* About this exercise
Give back the lines below exactly, but do not include any pictures.

* Information shown
----

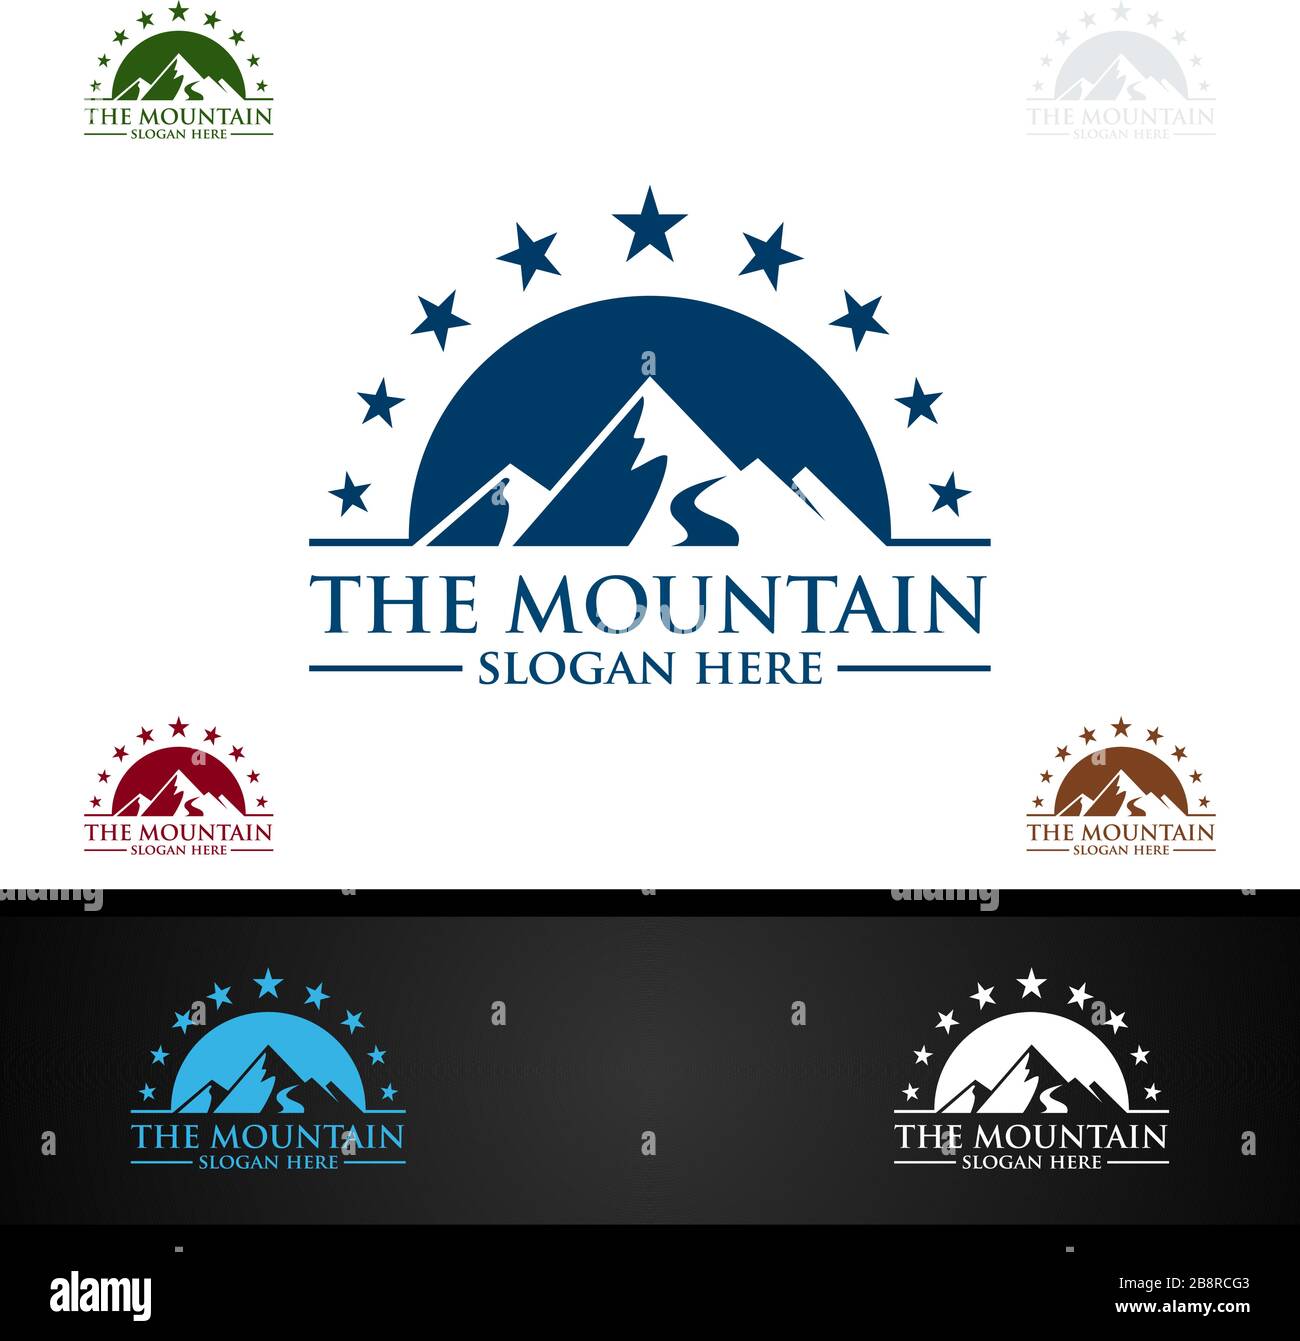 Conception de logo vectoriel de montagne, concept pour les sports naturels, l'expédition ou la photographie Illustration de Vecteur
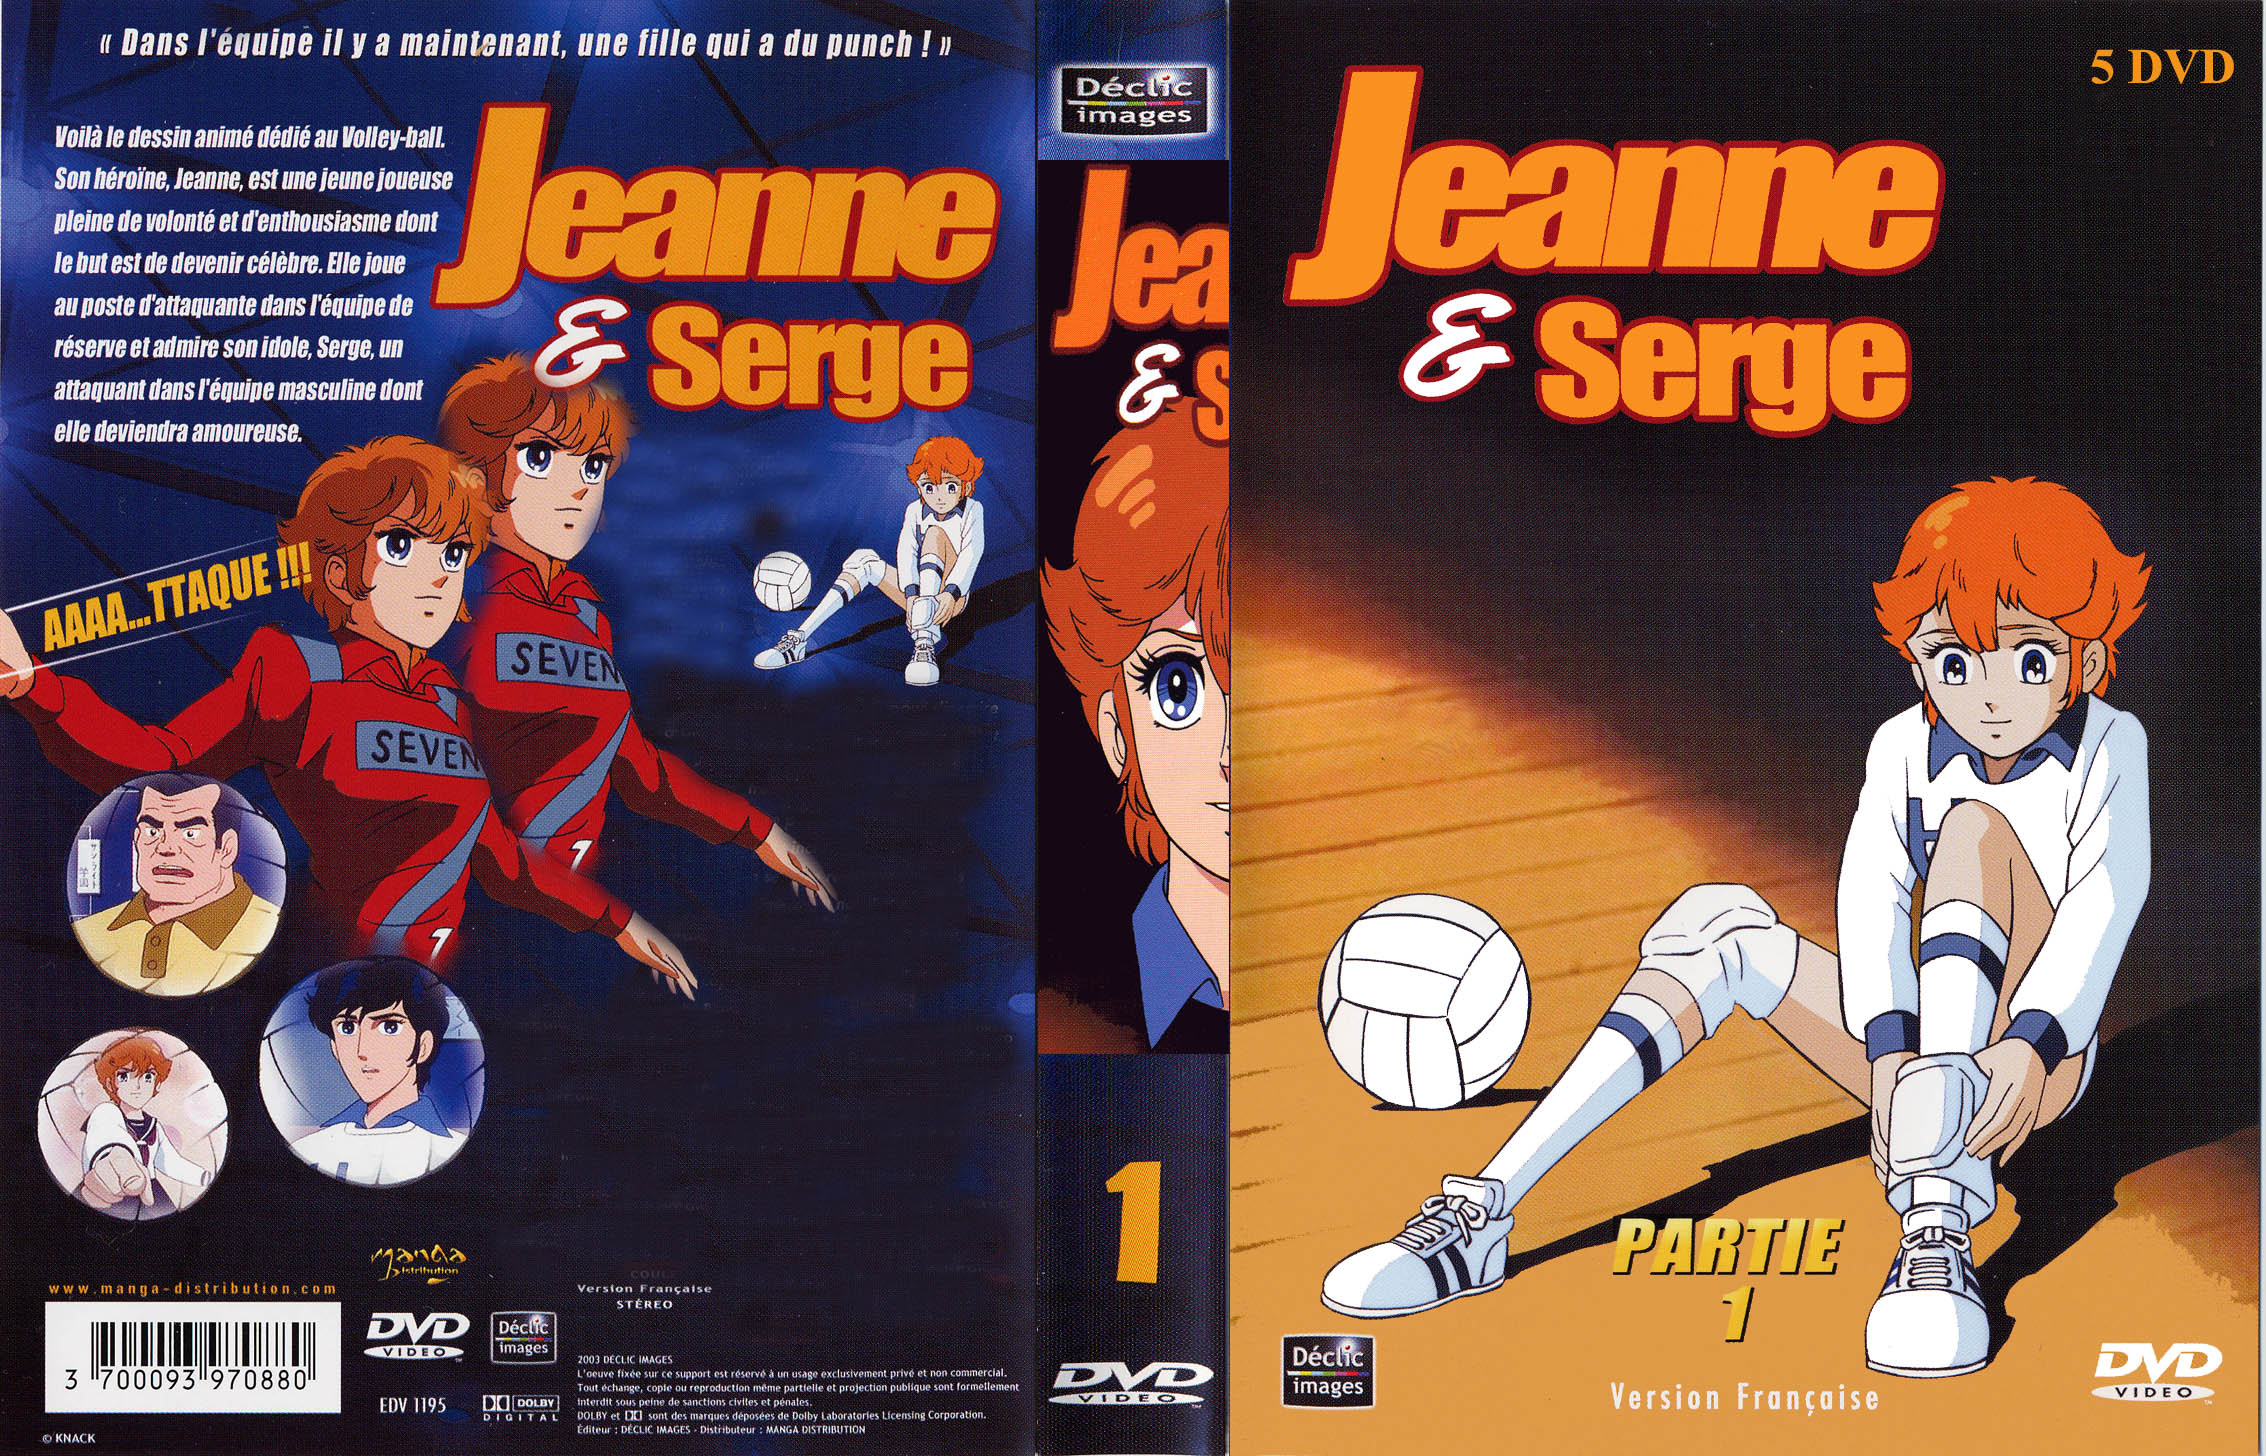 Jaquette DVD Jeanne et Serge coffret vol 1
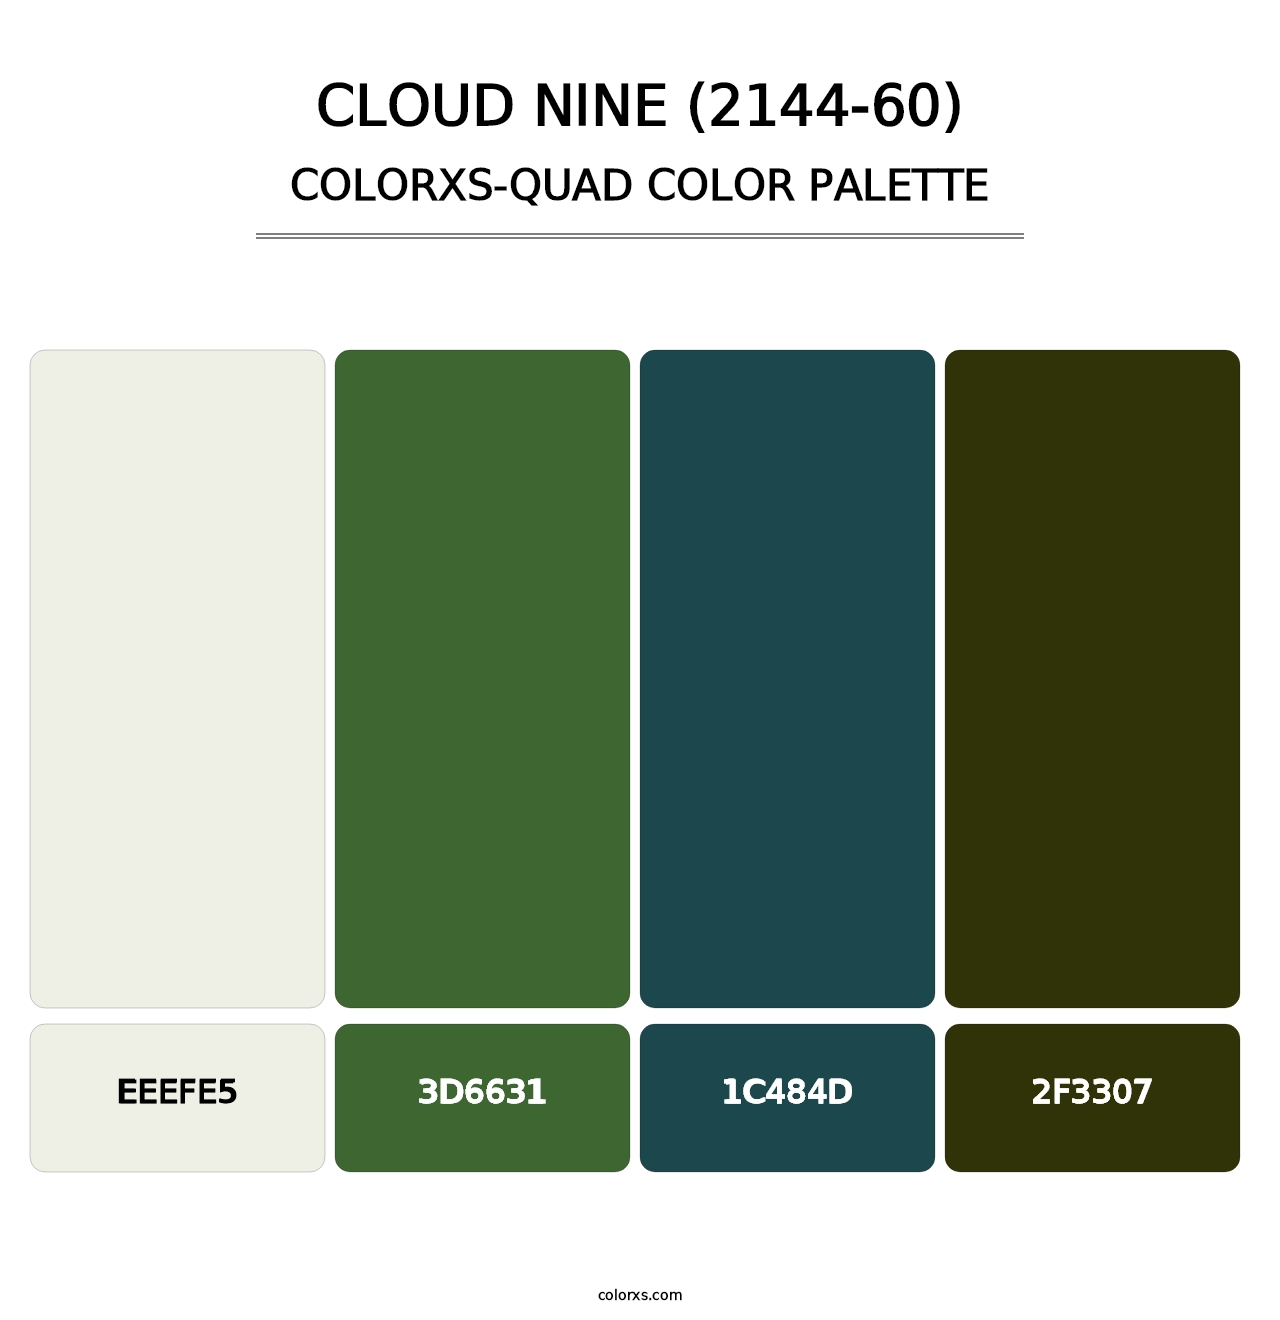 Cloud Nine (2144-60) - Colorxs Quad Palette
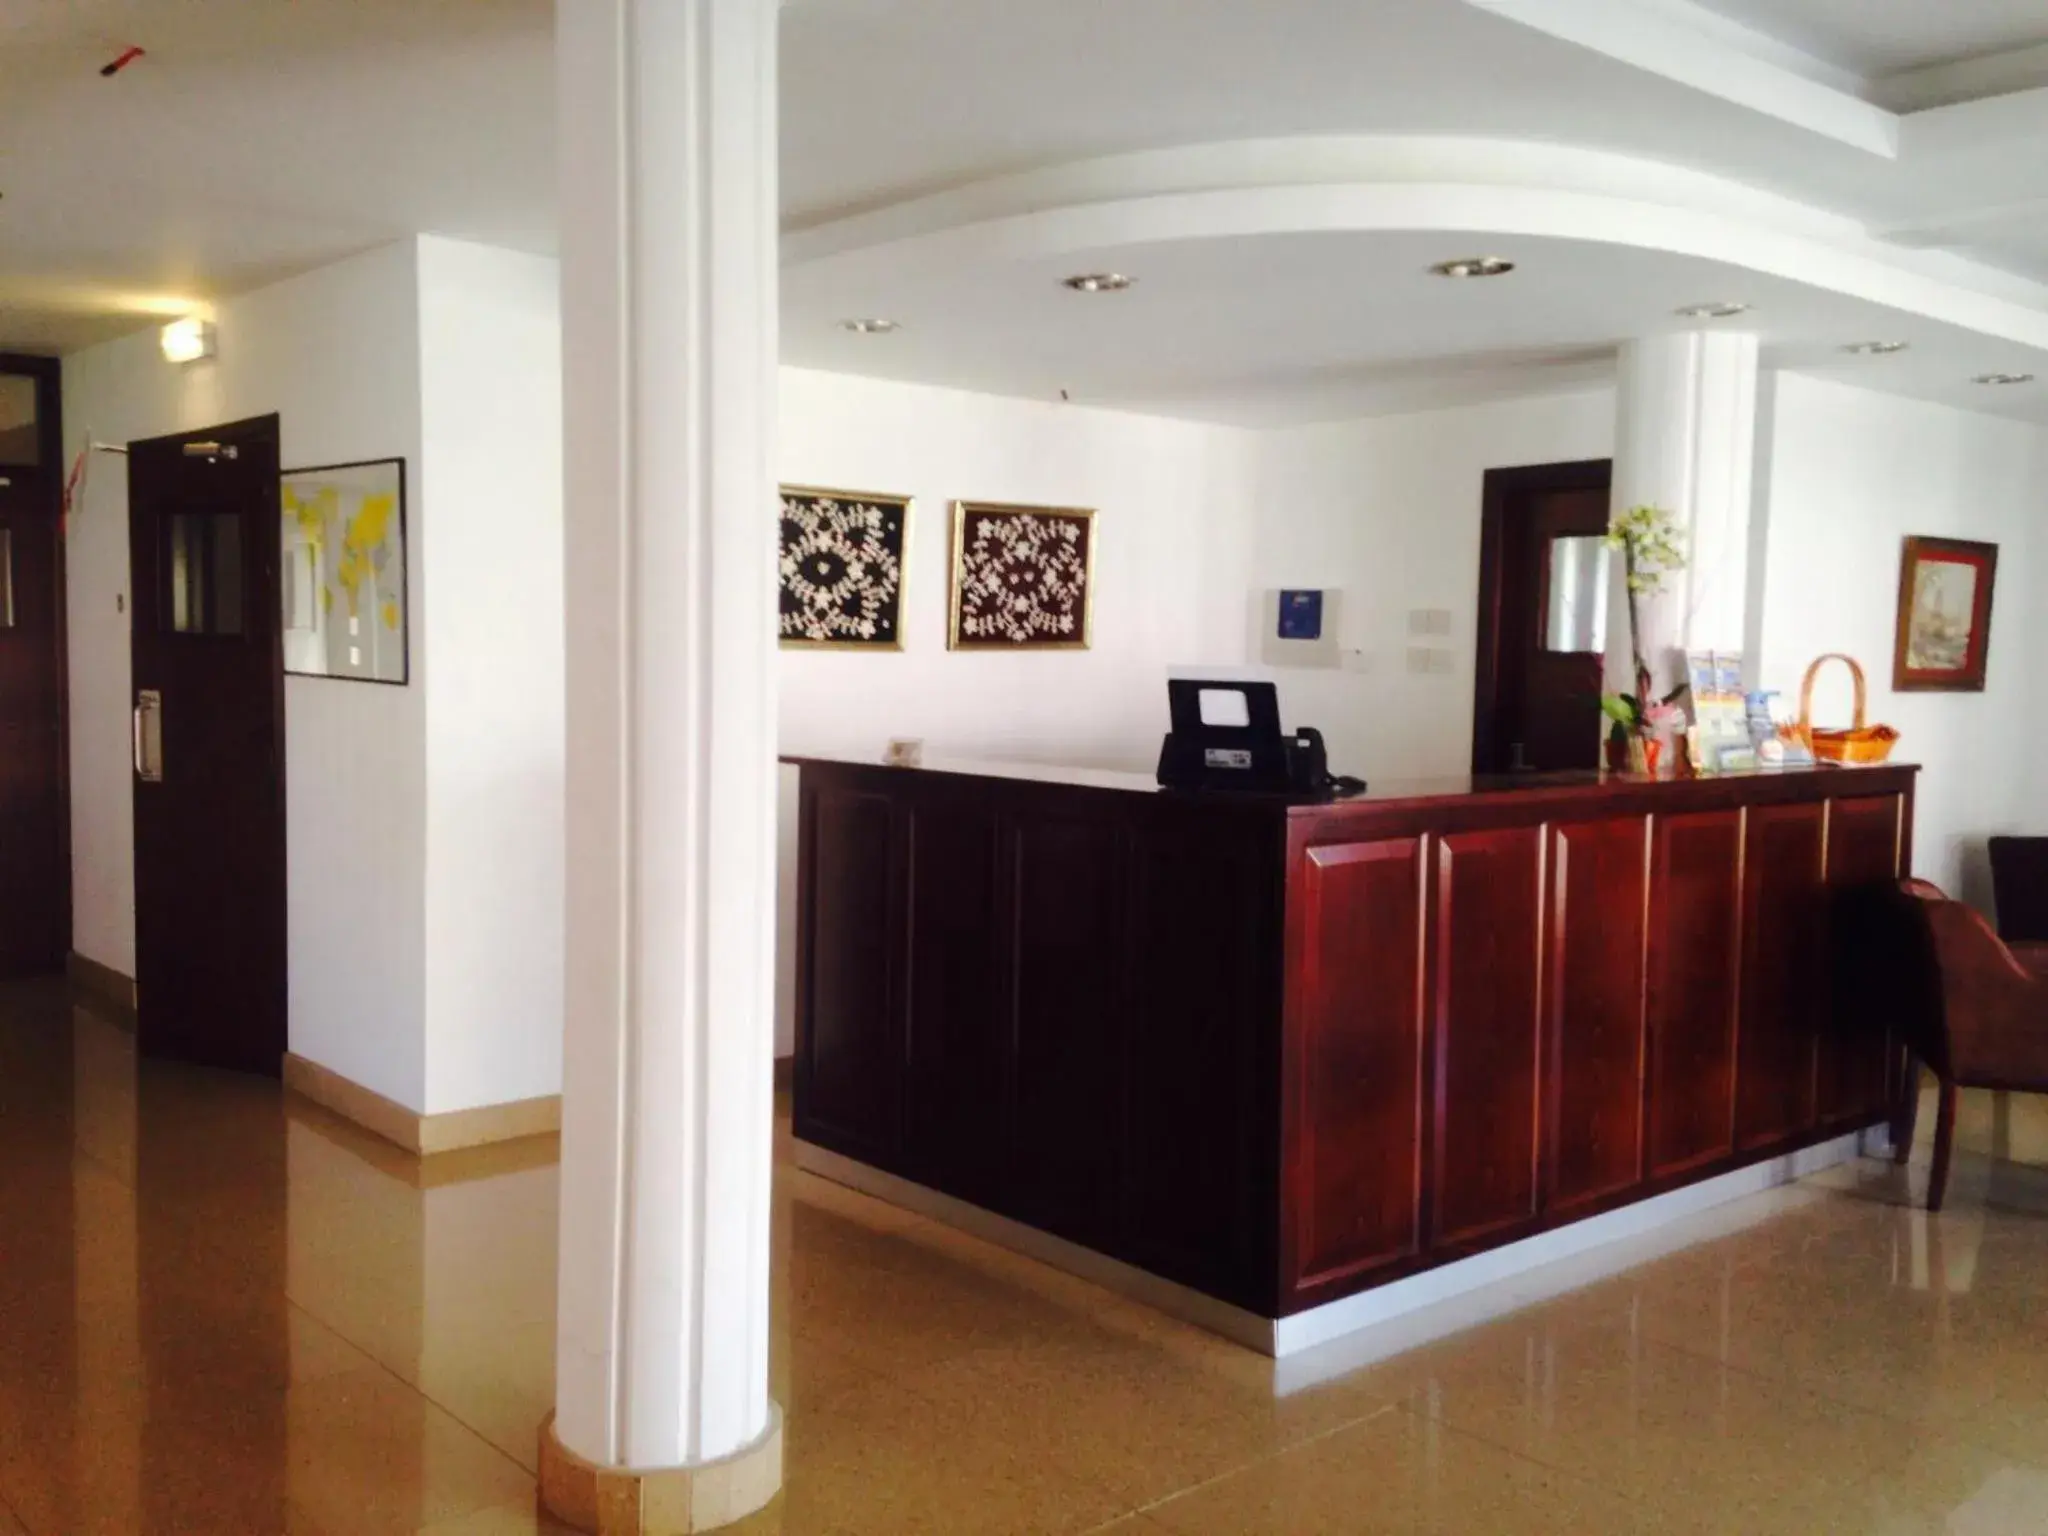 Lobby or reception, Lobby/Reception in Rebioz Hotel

----

* Answer below
 Conception de logo vectoriel de montagne, concept pour les sports naturels, l'expédition ou la photographie Illustration de Vecteur
 Jaquette DVD Jeanne et Serge coffret vol 1
 Cloud Nine (2144-60) - Colorxs Quad Palette
 Lobby or reception, Lobby/Reception in Rebioz Hotel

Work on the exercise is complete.